Chinese tech giant Xiaomi has officially launched its first in-house mobile processor, the XRING 01. This debut marks a major shift in Xiaomi’s strategy, transitioning from reliance on Qualcomm and MediaTek to establishing its own foothold in the high-performance SoC (System-on-Chip) arena.
The XRING 01 is a deca-core processor built on TSMC’s 3nm N3E process, promising improved power efficiency and performance. Accompanying the CPU is the ARM Immortalis-G925 MC16 GPU, which Xiaomi claims delivers a graphics edge over its competitors. The GPU boasts 16 shader cores, surpassing the 12 shader cores found in MediaTek’s flagship Dimensity 9400 a direct rival to Qualcomm’s Snapdragon 8 Elite.
Xiaomi has positioned the XRING 01 to compete at the top tier of mobile processing. According to the company, the chipset scored approximately 30 million points on the AnTuTu benchmark, a widely-used performance testing tool. However, a new report from Wccftech indicates a slightly lower real-world score of 26 million, which places the XRING 01 just behind the Snapdragon 8 Elite and the Dimensity 9400 in terms of raw power.
Despite not being the outright performance leader, the XRING 01 shows Xiaomi’s ambition to control more of its hardware ecosystem, similar to Apple and Samsung. By developing its own silicon, Xiaomi gains greater flexibility in software optimization and device integration.
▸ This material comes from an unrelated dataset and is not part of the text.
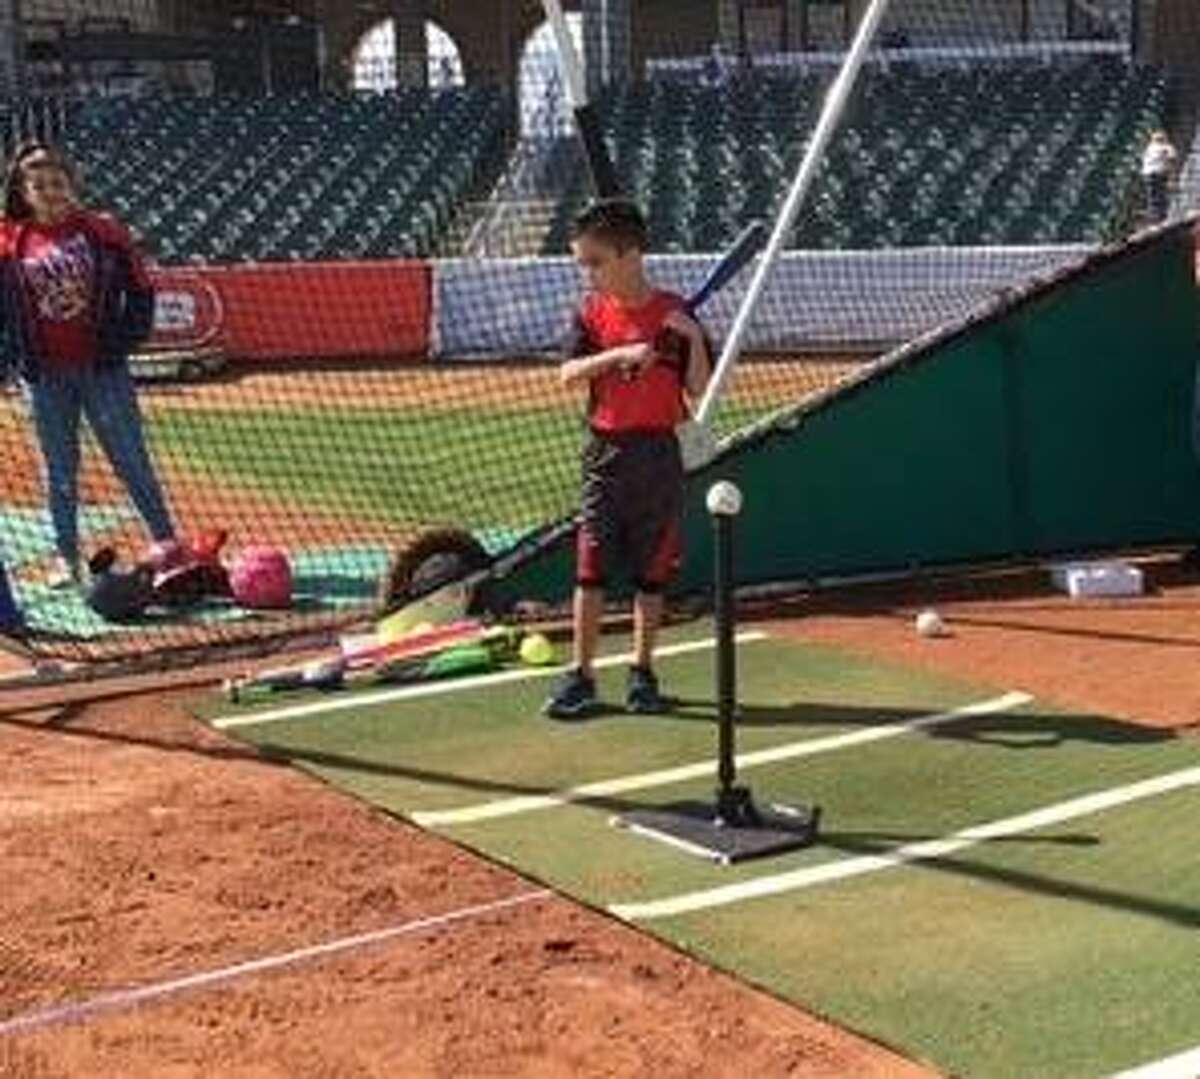 Locals competed in the MLB Pitch, Hit & Run Competition on Saturday at Uni-Trade Stadium looking to advance to the sectional competition in Corpus Christi on May 20.

The first devices to feature the new chipset are the Xiaomi 15s Pro smartphone and the Xiaomi Pad 7 Ultra tablet, both currently available in China. These devices will serve as real-world testing grounds for the capabilities of the XRING 01 and may determine Xiaomi’s future in chip development.
With the XRING 01, Xiaomi has taken a bold step toward vertical integration and brand differentiation. While it may not yet dethrone the current performance leaders, it lays the foundation for a more competitive and innovative future in the mobile chipset market.